The inclusion of LAGEOS and ETALON observations, on the other hand, clearly improves the geocenter estimates. We demonstrated that constraints on empirical orbit parameters—which have to be applied in GNSS-only solutions—are not necessarily needed in such combined solutions. The combined geocenter series is mainly driven by the LAGEOS-ETALON contribution. This behavior is good to see because the GNSS contribution clearly suffers from artifacts. And in view of consistently combined space-geodetic solutions it is important that the strength of the SLR contribution regarding geocenter is not destroyed by these artifacts. In this context it is as well of special importance that we did not use local ties because discrepancies between the local tie values and the coordinate differences derived from the space-geodetic techniques could have a negative impact on the geocenter estimates if the local ties were introduced in the combined solution.

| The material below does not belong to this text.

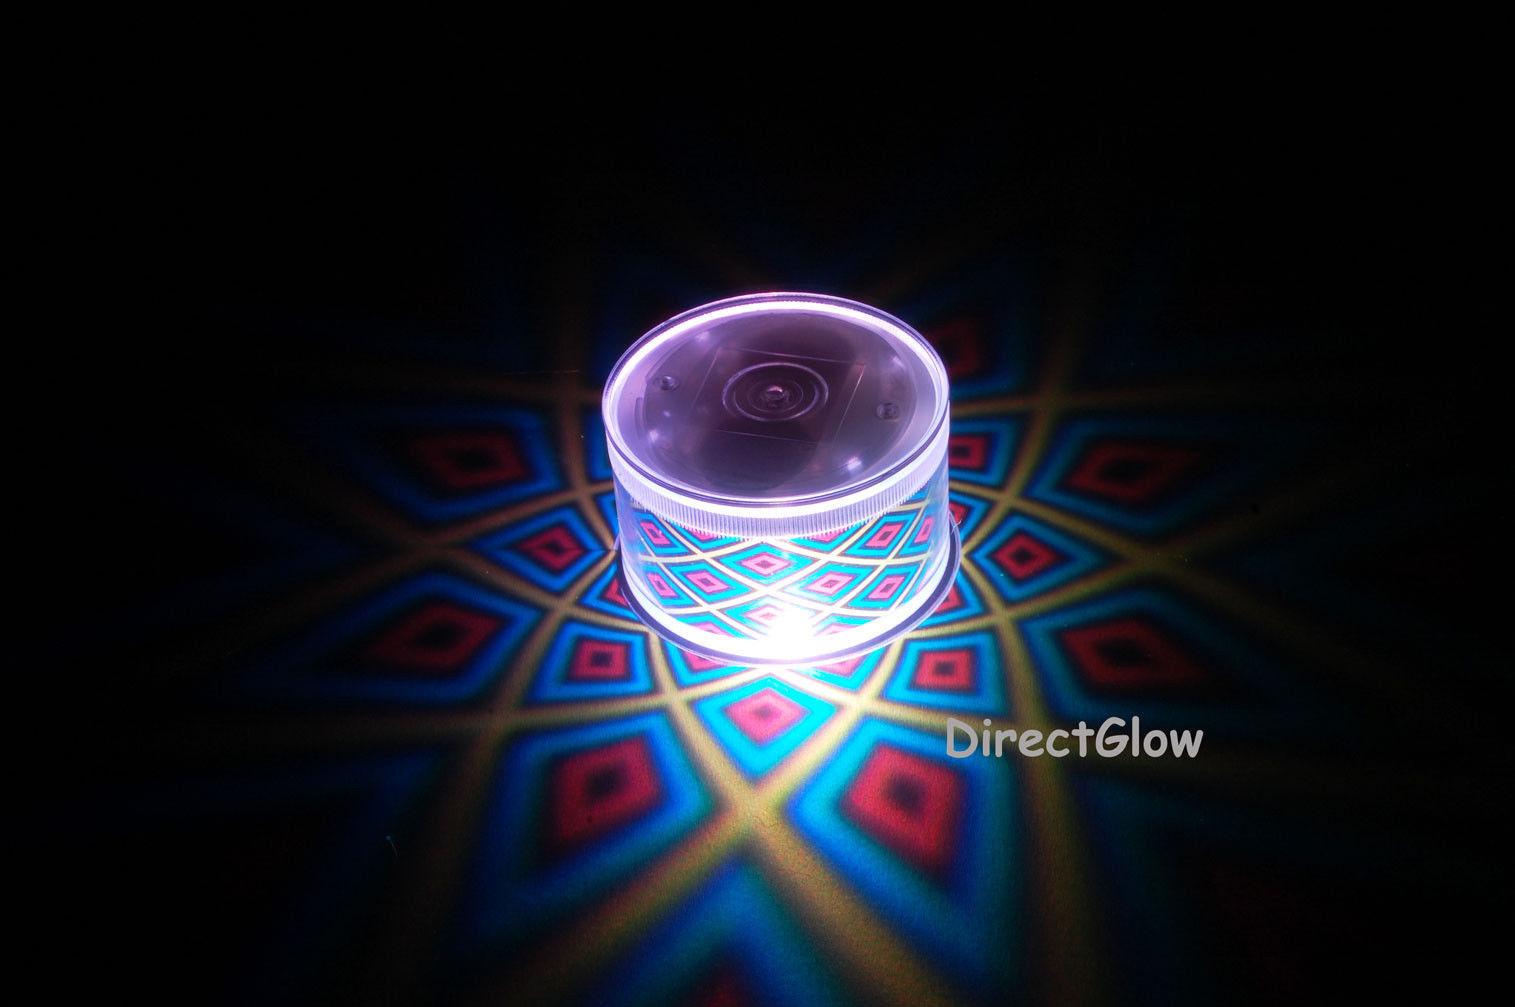 Set of 2 LiteRays LED Light Up Projection LitePod Drink Accessory- 5 Star - $14.50

The benefit for other (GNSS-related) parameters due to the improved geocenter estimates in the combined solution has not been studied in this paper.

Studies focussing on the best relative weighting between all types of observations are not yet performed, but will be done as a next step. The results presented, however, show that the relative weighting chosen for the combination is reasonable.

An extension of the time series is highly desired, especially in view of a clear distinction between the signals with an annual period and those related to the draconitic GNSS year.